INFORMATION SUPPLIED section start

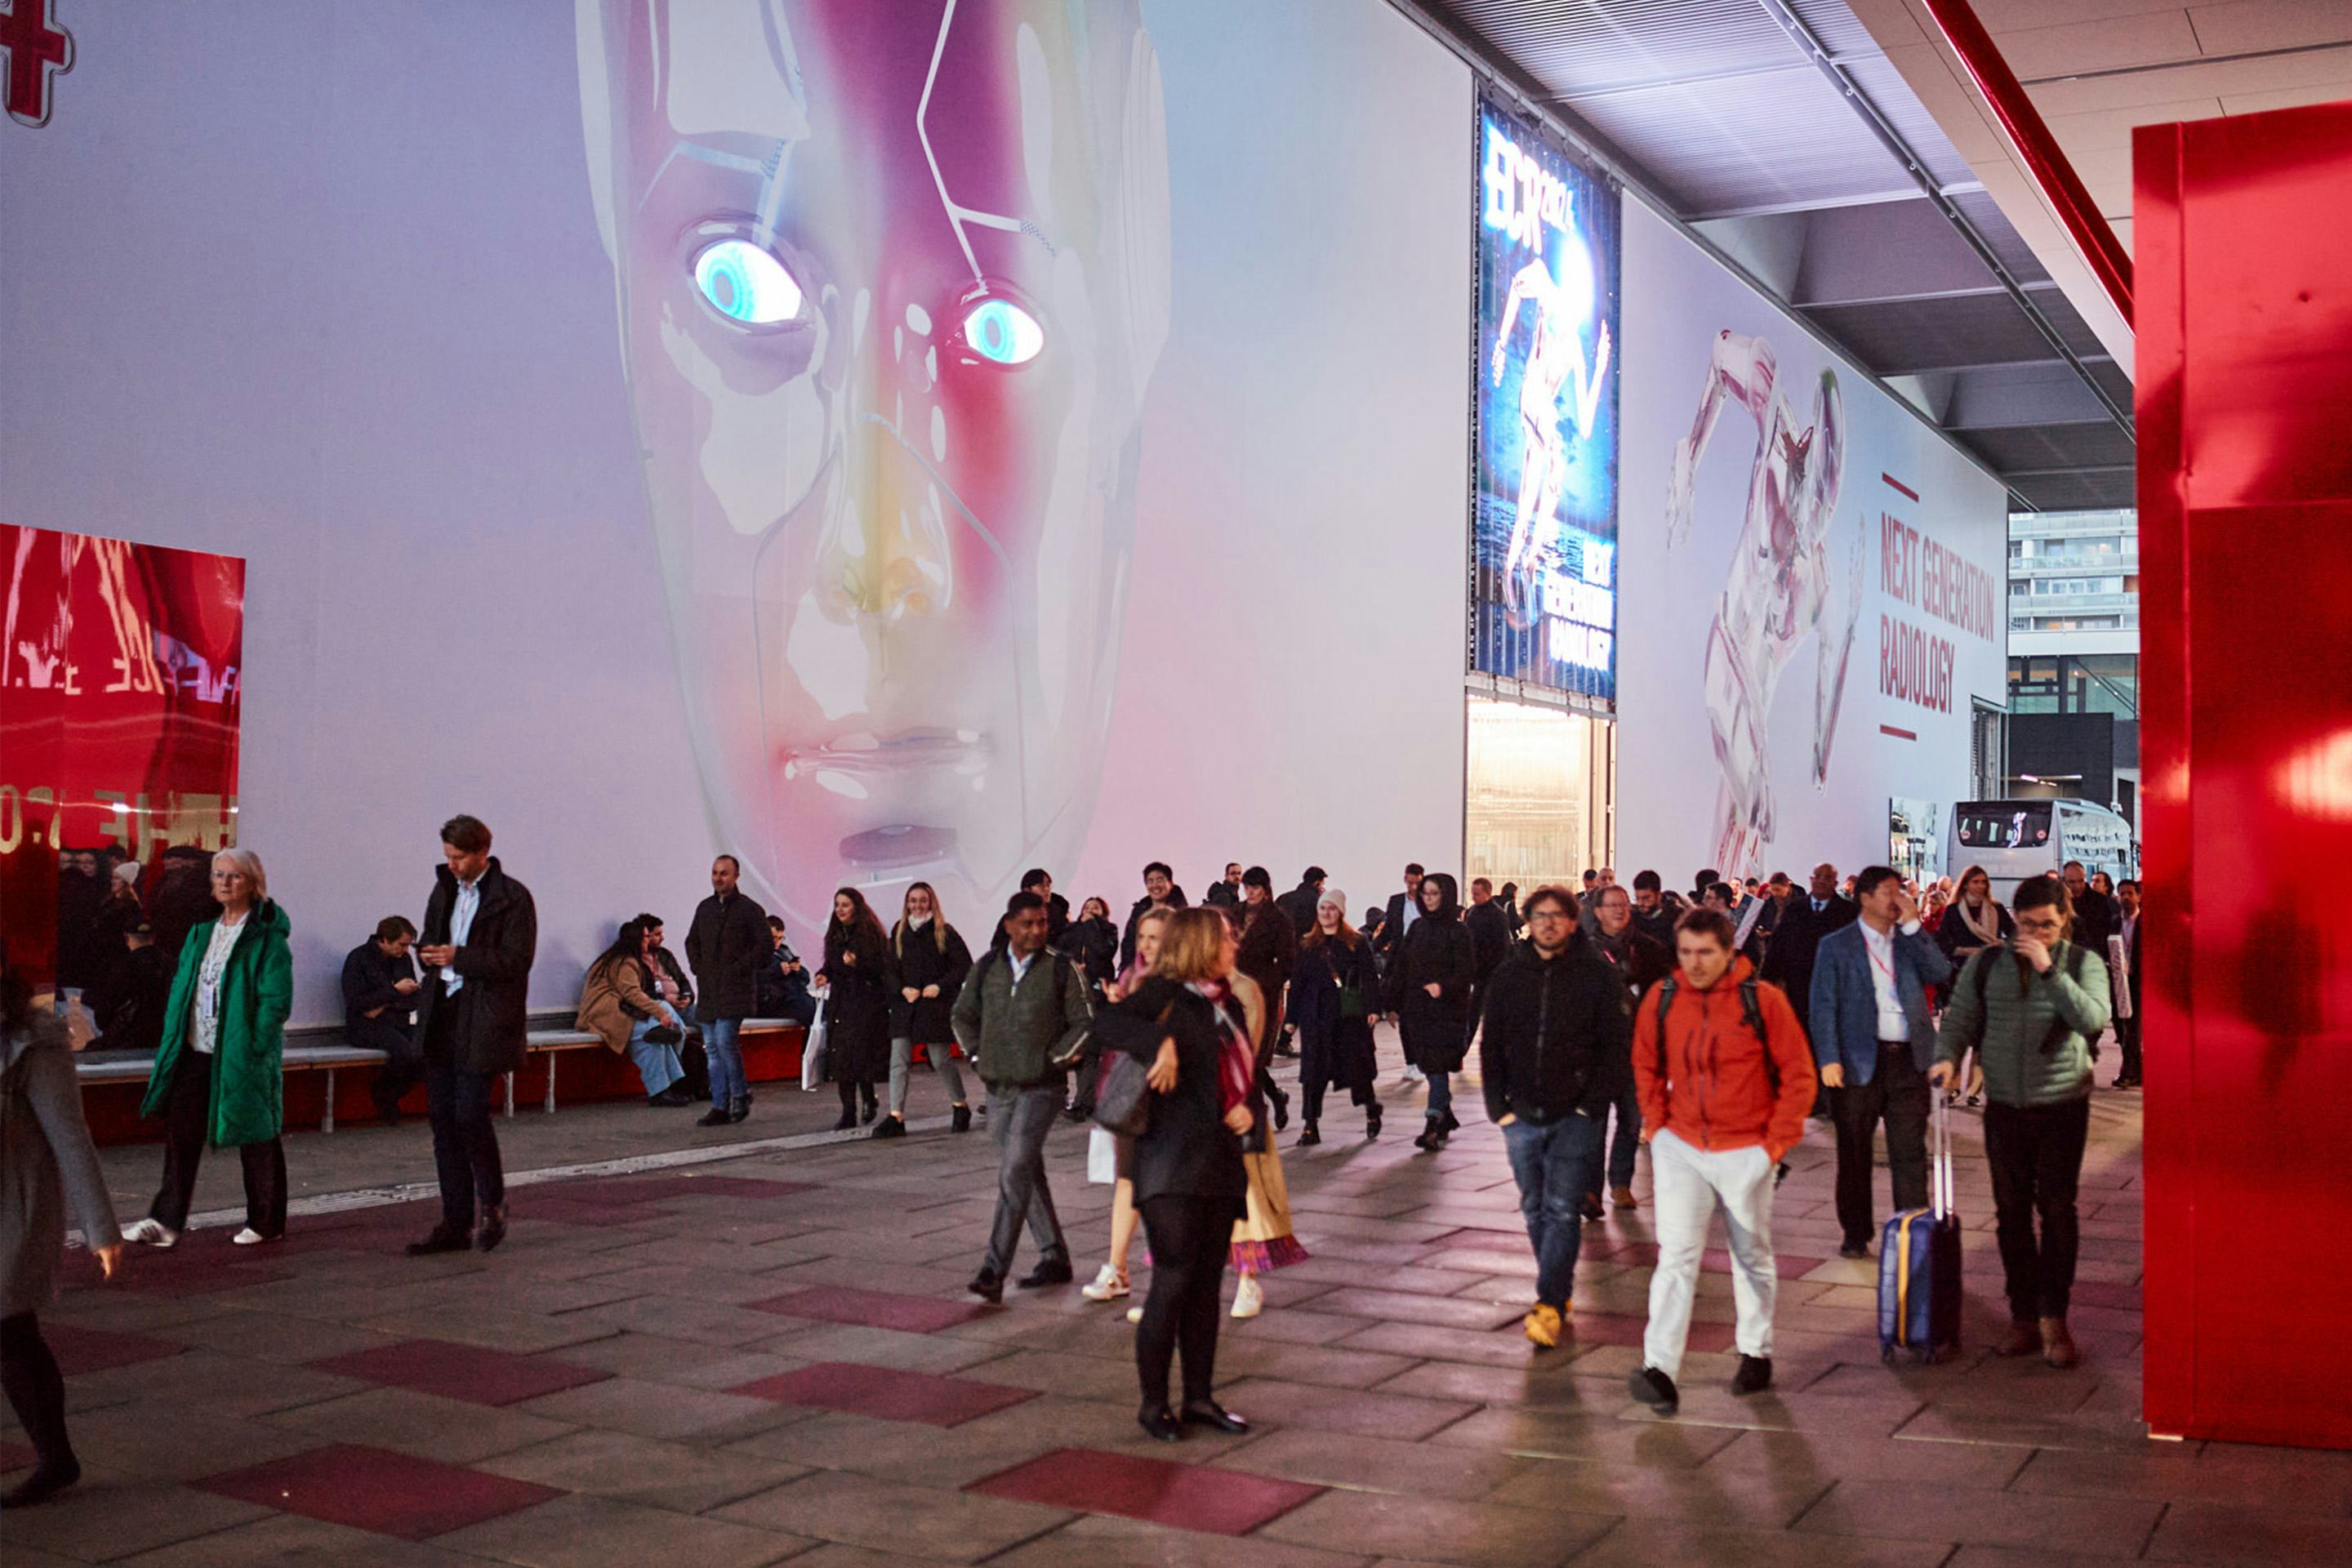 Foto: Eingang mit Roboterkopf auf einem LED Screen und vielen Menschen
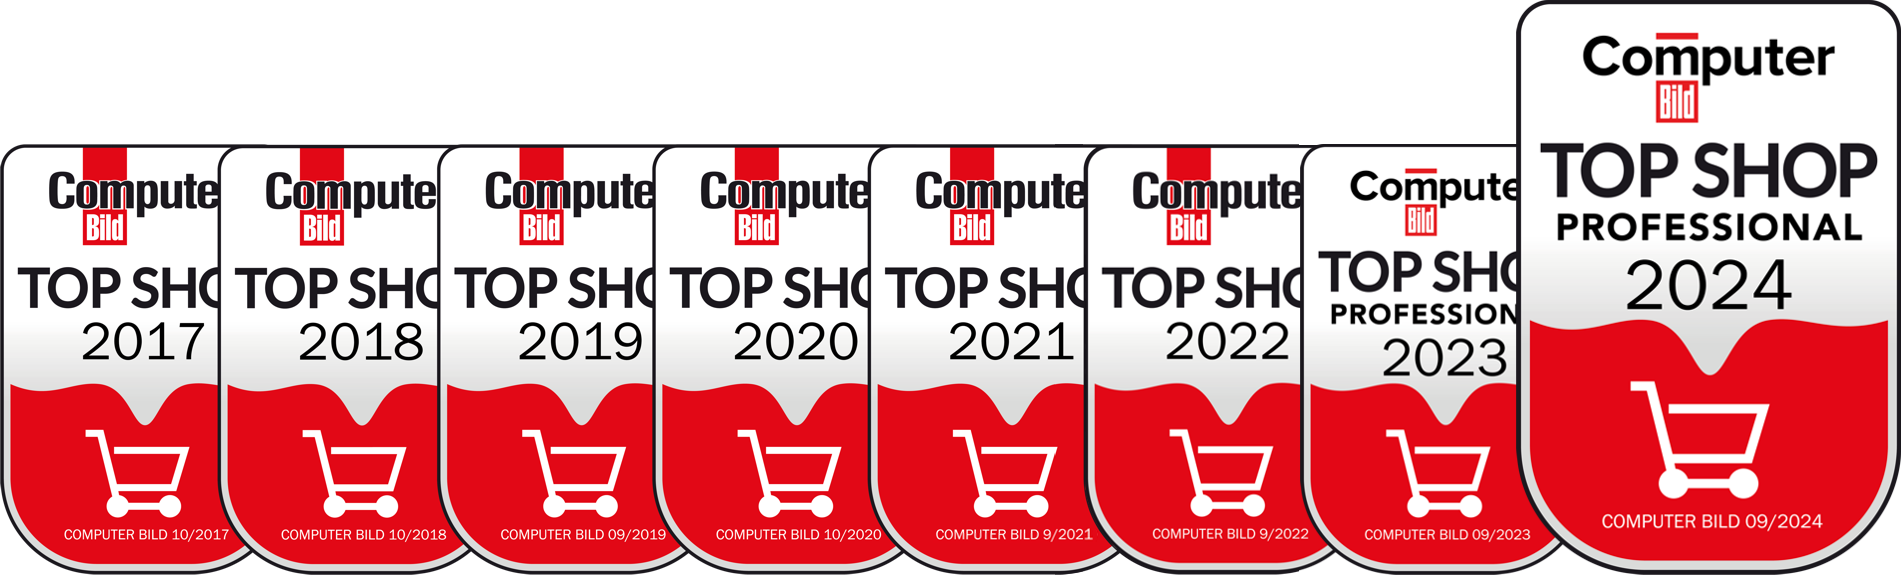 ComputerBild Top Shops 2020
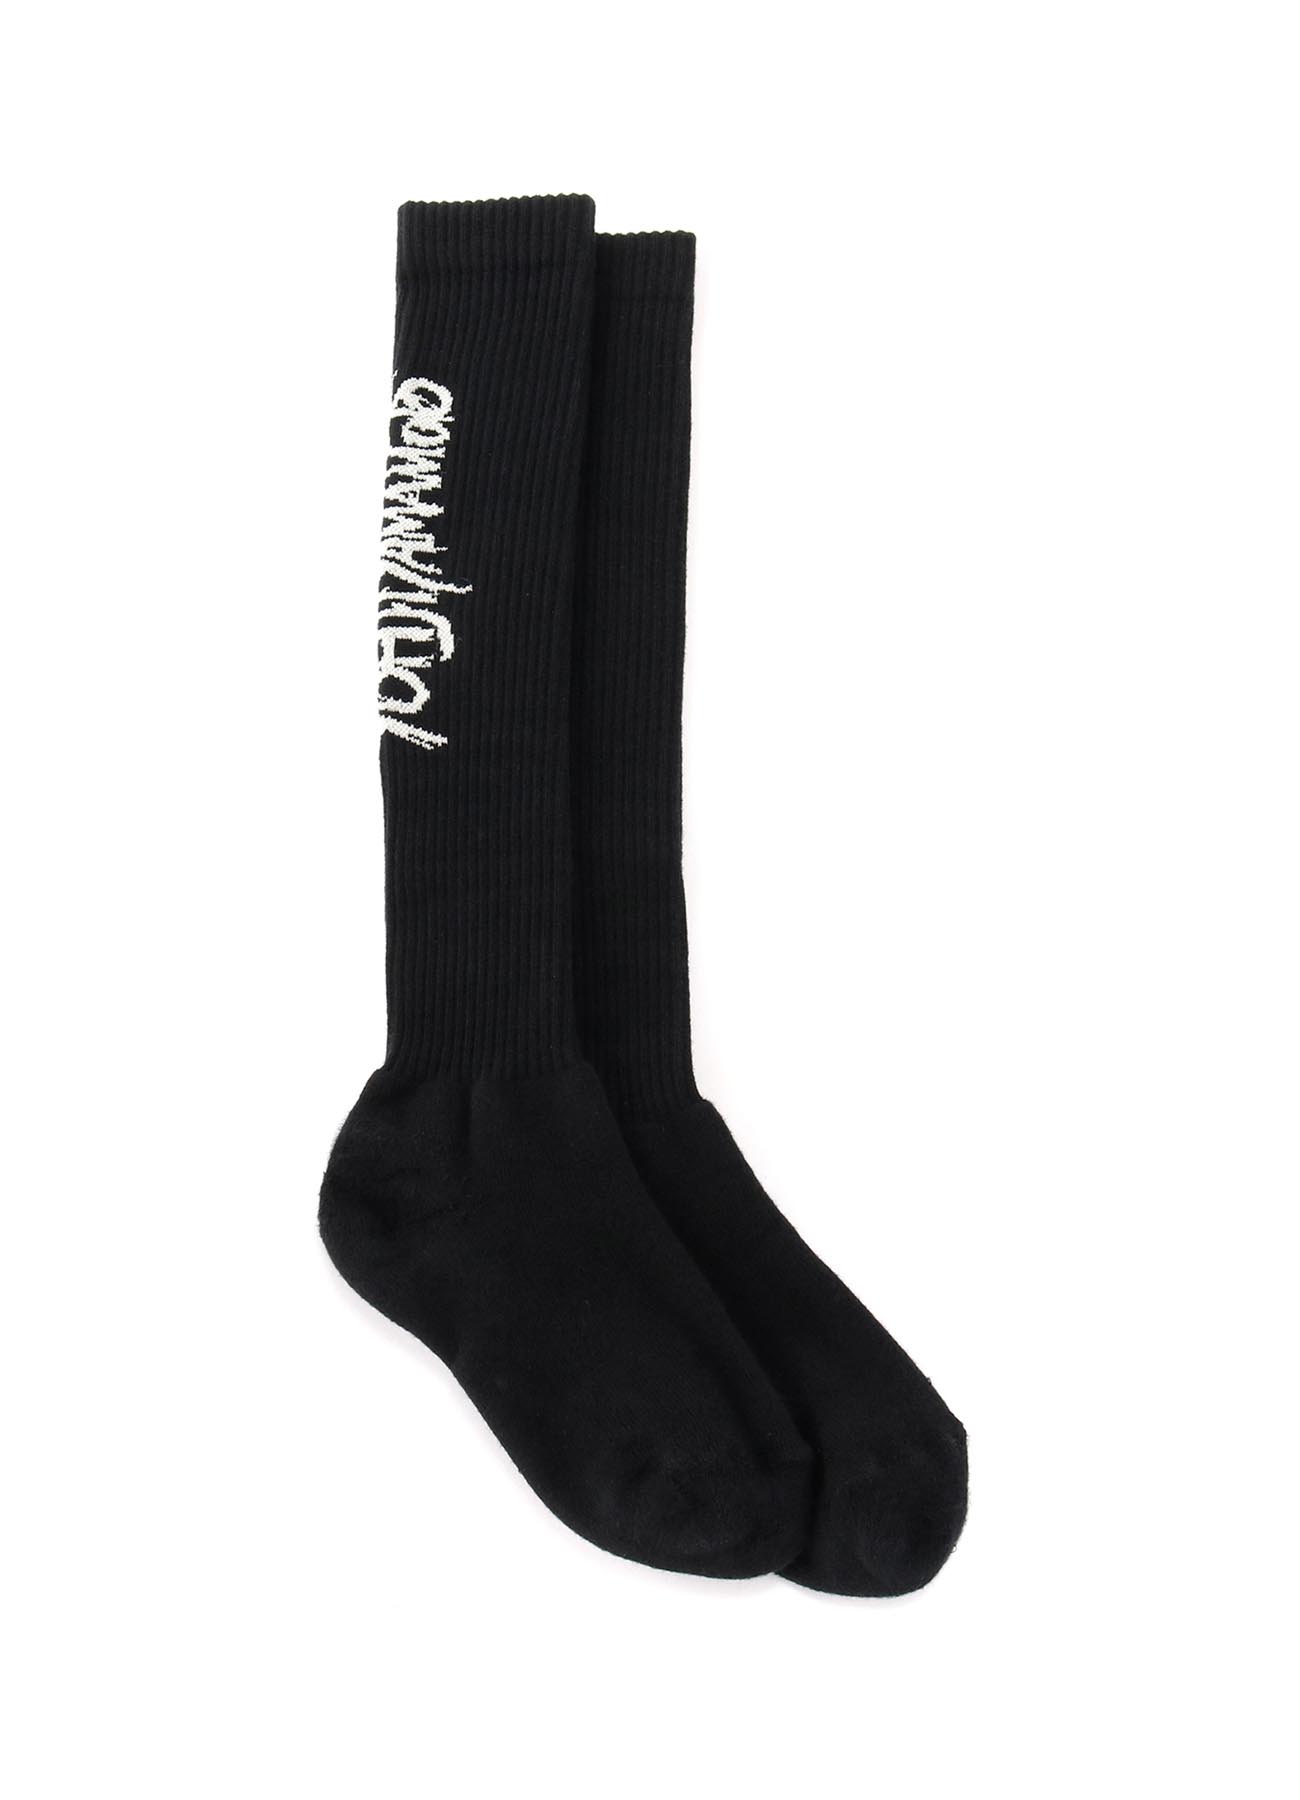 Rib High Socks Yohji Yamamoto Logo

INFORMATION SUPPLIED section end

WORK TO COMPLETE:
Skip all pictures. Then give again, exactly, each line from the line holding "ComputerBild Top Shops 2020" through the last line of the listing above, both ends included.

EXPECTED OUTPUT:
 ComputerBild Top Shops 2020
 Rib High Socks Yohji Yamamoto Logo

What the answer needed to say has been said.